Dyssegmental Dysplasia, Silverman-Handmaker Type (DDSH) is caused by homozygous functional null mutations resulting in lethal, neonatal, short-limbed dwarfism (Arikawa-Hirasawa et al.,2001).

D. Are There Mouse Models for SJSI and DDSH?

Go to MGI. Type in “SJS1” or “DDSH”, scroll to “Phenotype/Human disease”.

MGI search results: Targeted mutant strains with phenotypes similar to both SJS1 or DDSH are listed.

E. What Can Other Animal Models Tell Us About Hspg2?

Note: Entrez HomoloGene (go to NCBI Entrez, scroll to “HomoloGene”) is another good place to start. A search for “Hspg2” gives a list of genes identified as putative homologs.

1. Caenorhabditis elegans (nematode worm).

Go to WormBase Type in “Hspg2”, scroll to “any gene” (default).

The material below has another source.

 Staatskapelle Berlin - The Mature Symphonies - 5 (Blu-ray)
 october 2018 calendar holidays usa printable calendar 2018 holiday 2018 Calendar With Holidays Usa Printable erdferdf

Results sampled from WormBase (release WS177, 7/2007): Function: C. elegans unc-52 is a Hspg2 ortholog. unc-52 regulates muscle differentiation, and growth factor-like signaling pathways (Mackinnon et al.,2002; Merz et al.,2003). Mutant phenotypes: Paralyzed, locomotion abnormal, sterile, lethal. Expression: Expression begins in mid-embryogenesis. It is localized primarily in basement membrane of muscle cells (Mullen et al.,1999). In larvae and adults it is also expressed in M-lines, dense bodies, and muscle cell margins of body wall muscle. Reagents: Alleles, transgene strain, primers, microarray probes, SAGE tags, cDNAs, antibodies.

2. Drosophila melanogaster (fruit fly).

Note: A search on FlyBase for “Hspg2” yields “hsp67B”, a heat shock protein. Because it is of a different protein class (see step I–F-1), it is not an ortholog of HSPG2. A search for “perlecan” yields “trol”; the two bear the same protein domains.

Go to FlyBase Type “trol”, scroll to “genes” (default).

Results sampled from FlyBase (version FB2006_01, released 12/8/2006): Function: Terribly reduced optic lobes (trol) is a structural molecule that regulates neuroblast division, cell–cell adhesion, cell-matrix adhesion, and signal transduction (Ebens et al.,1993; Voigt et al.,2002; Park et al.,2003). Phenotypes: Allele phenotypes include lethal and sterile. Other phenotypes are not listed. See bibliography for details. Expression: Embryonic midgut, proventriculus, hypo/epipharynx, ventral nerve cord, lateral cord, embryonic and larval circulatory, and muscle systems. Reagents: Alleles, genomic clones, RNAi probes, cDNAs.

3. Danio rerio (zebrafish)

Note: A search on Zebrafish Information Network ZFIN (Sprague et al.,2006) http://zfin.orgfor “Hspg2” and “perlecan” yield no hits.

Identify closest related zebrafish sequence to mouse Hspg2. a. Go to Basic Local Alignment and Search Tool (Altschul et al.,1990) 0- Select “Danio rerio”. On next page input mouse Hspg2 amino acid sequence in FASTA format. Select database of choice and TBLASTN program. RefSeq databases are useful databases to search against, they contain NCBI curated, nonredundant sequences.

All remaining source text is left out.